Накануне назначенного дня я знал свою речь наизусть и прочел ее, не пропустив ни слова. Она была у меня в голове всю ночь: утром я забыл ее. Я запинался на каждом слове, представлял себя перед собранием, смущался, заикался и терял присутствие духа. В конце концов, когда время моего появления было почти близко, мужество полностью покинуло меня. Я остался дома и написал в Консисторию, поспешно изложив свои причины, и сослался на свое недомогание, которое действительно, в том состоянии, до которого меня довел страх, едва ли позволило бы мне высидеть все заседание.

Пастор, смущенный моим письмом, отложил заседание Консистории. В промежутке он сам и через своих приспешников предпринял тысячу усилий, чтобы соблазнить старейшин, которые, следуя велению своей совести, а не тому, что они получали от него, не голосовали согласно его желаниям или желаниям Класса. Какую бы власть ни имели его аргументы, почерпнутые из его погреба, над такого рода людьми, он не смог склонить ни одного из них, кроме двух или трех, которые уже были преданы его воле и которых называли его «проклятыми душами». Чиновник принца и полковник Пюри, который в этом деле действовал с большим рвением, удерживали остальных от исполнения их долга, и когда Монмоллан пожелал приступить к отлучению, его Консистория большинством голосов наотрез отказалась уполномочить его на это. Таким образом, сведенный к последнему средству — подстрекательству народа против меня, — он, его коллеги и другие лица принялись за это открыто и преуспели настолько, что, несмотря на строгие и частые рескрипты короля и приказы государственного совета, я был в конце концов вынужден покинуть страну, чтобы не подвергать чиновника короля опасности быть убитым, пока он защищал меня.
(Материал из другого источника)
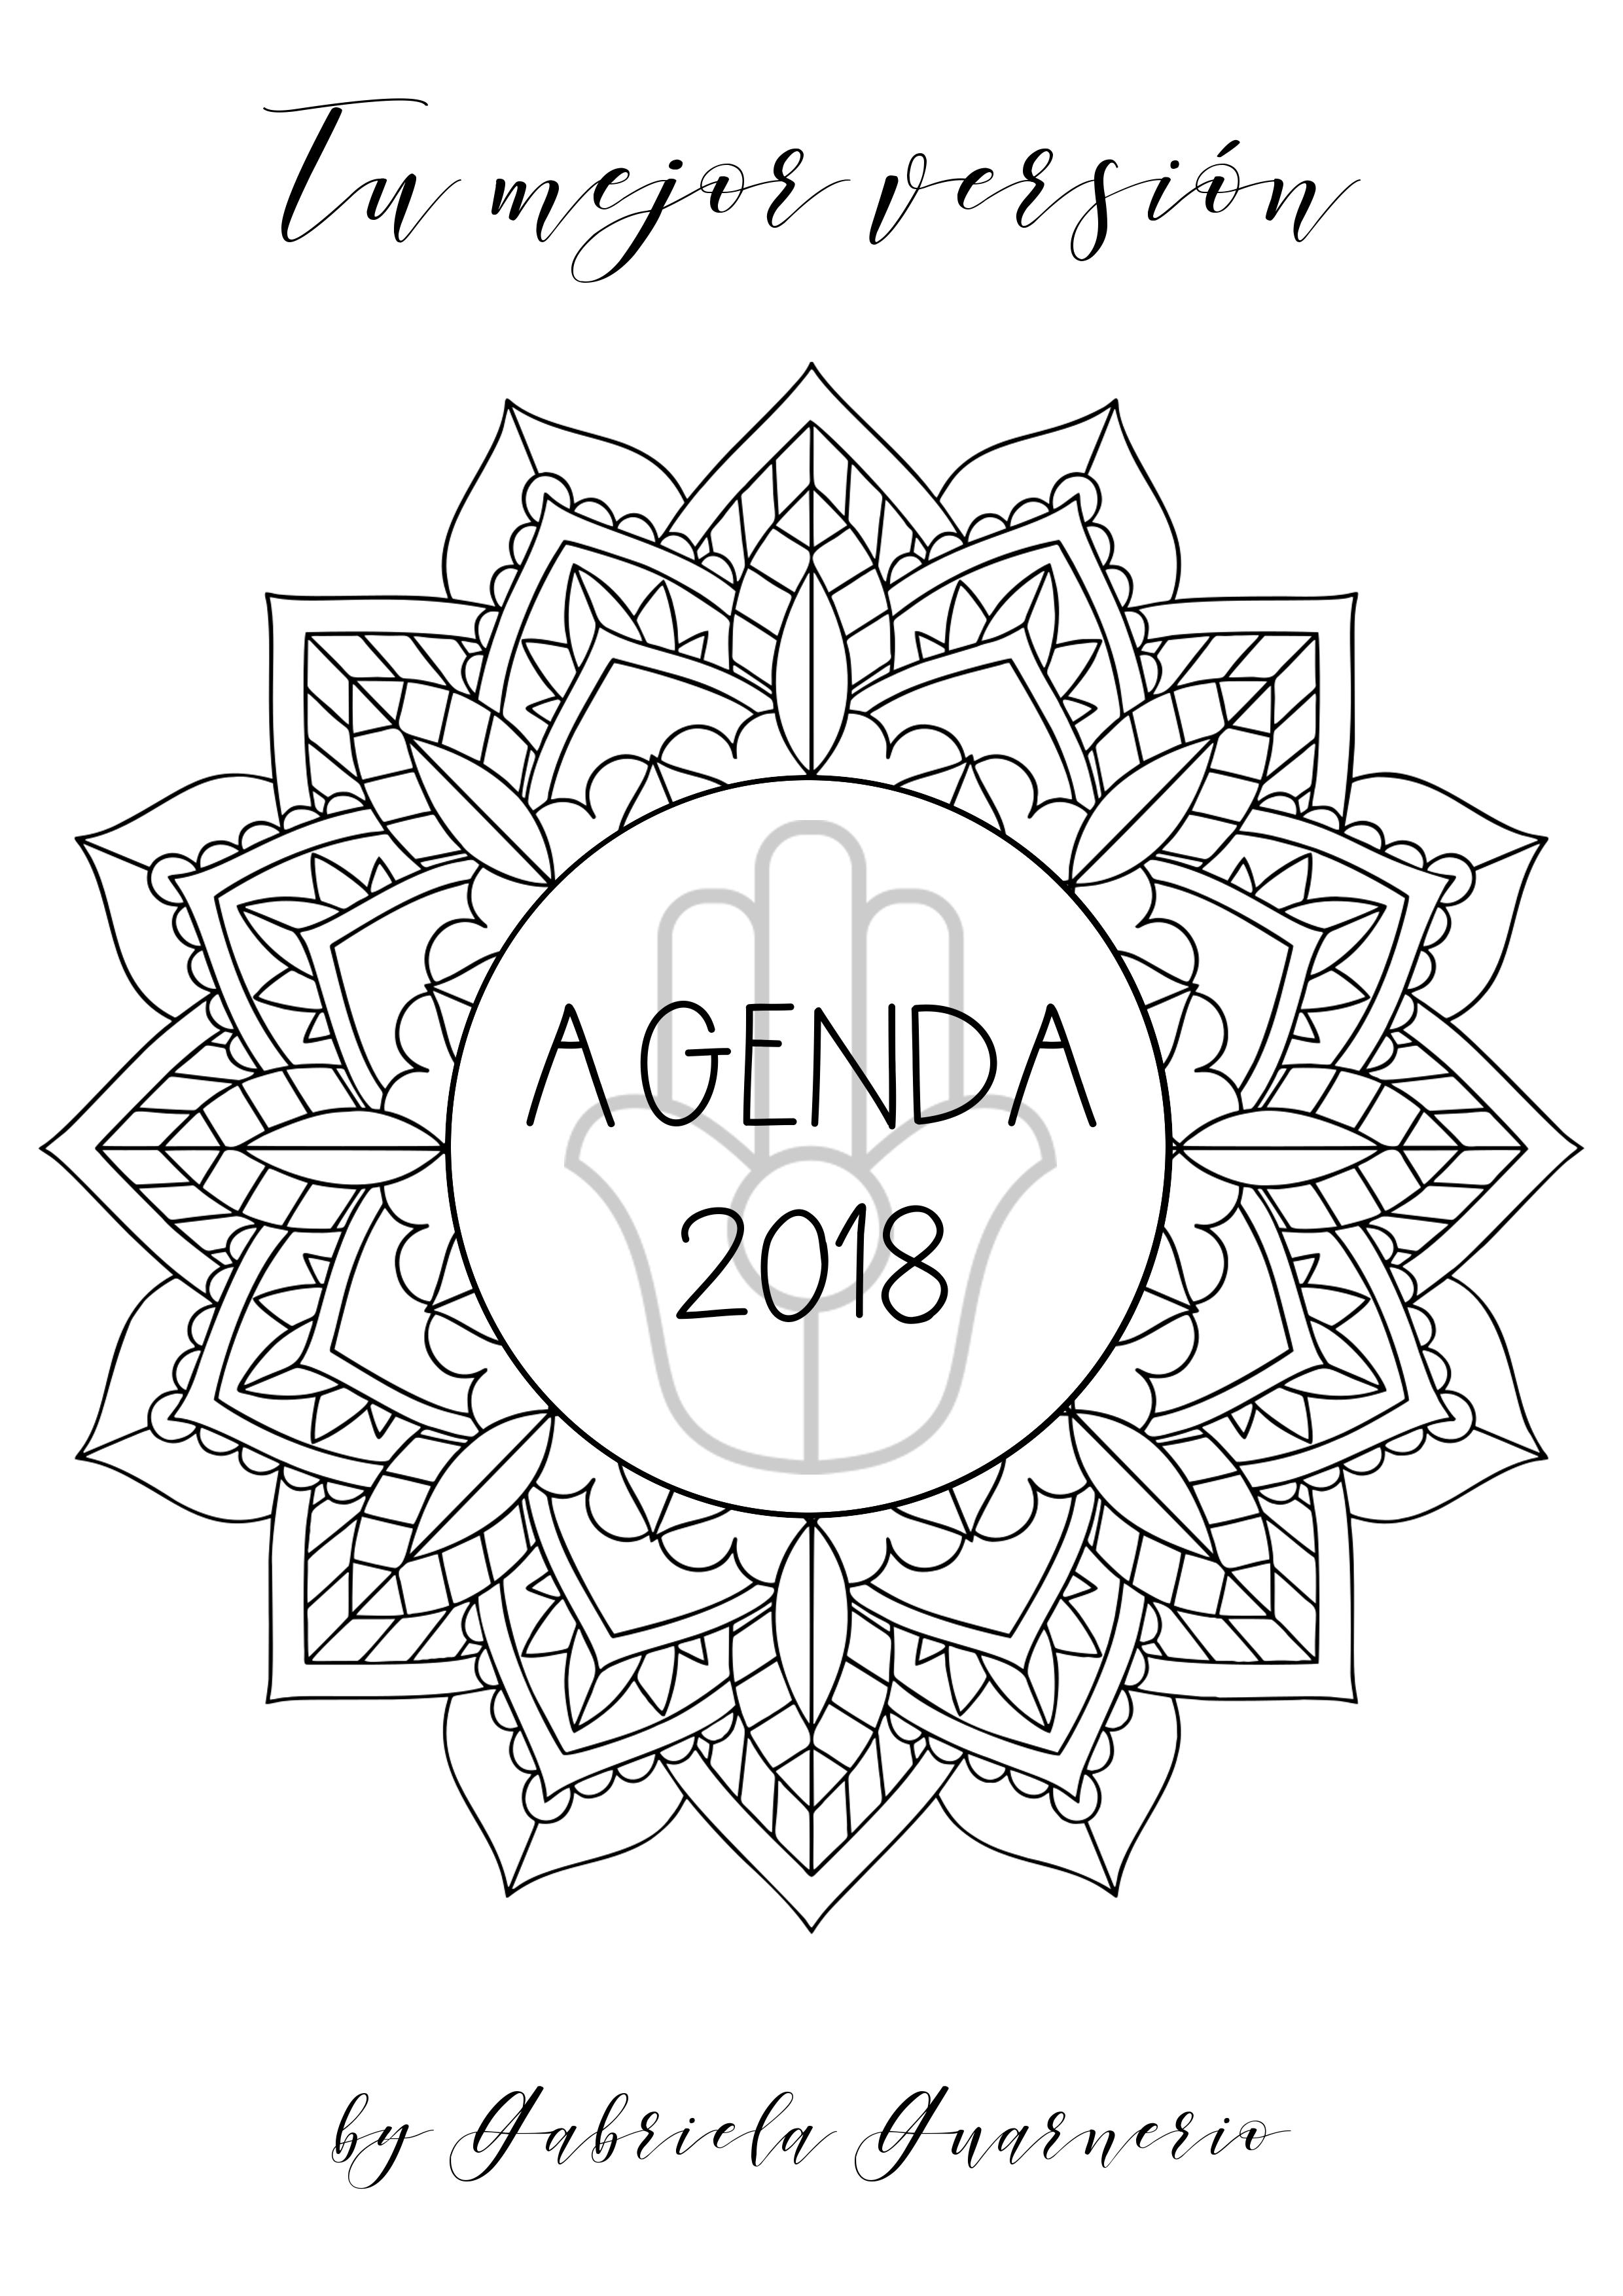 ULTIMOS DIAS Agenda 2018 gratis con mandalas para colorear y ...

Воспоминание обо всем этом деле настолько смутно, что я не в силах свести или связать его обстоятельства. Я помню, что были начаты своего рода переговоры с Классом, в которых Монмоллан выступал посредником. Он притворялся, будто верит, что есть опасения, что я своими сочинениями нарушу мир в стране, и в таком случае свобода писать, которой я обладал, будет осуждена. Он дал мне понять, что если я соглашусь отложить перо, то прошлое будет забыто. Я уже дал это обязательство самому себе и не колебался сделать это перед Классом, но с условием и исключительно в вопросах религии. Он нашел способ получить дубликат соглашения после того, как в него необходимо было внести изменения, так как условие было отвергнуто Классом; я потребовал вернуть документ, который мне вернули, но он оставил у себя дубликат, притворившись, что он потерян. После этого народ, открыто подстрекаемый пасторами, смеялся над рескриптами короля и приказами государственного совета и отбросил всякое сдерживание. Меня проклинали с кафедры, называли антихристом и преследовали в деревне, как бешеного волка. Мое армянское платье выдавало меня толпе; я чувствовал жестокое неудобство от этого, но снять его в таких обстоятельствах казалось мне актом трусости. Я не мог заставить себя сделать это и спокойно ходил по деревне в своем кафтане и меховой шапке посреди улюлюканья подонков общества, а иногда и под градом камней. Несколько раз, проходя мимо домов, я слышал, как их обитатели кричали: «Принесите мне ружье, чтобы я мог выстрелить в него». Поскольку я не ускорял из-за этого шага, мое спокойствие усиливало их ярость, но они никогда не заходили дальше угроз, по крайней мере, что касается огнестрельного оружия.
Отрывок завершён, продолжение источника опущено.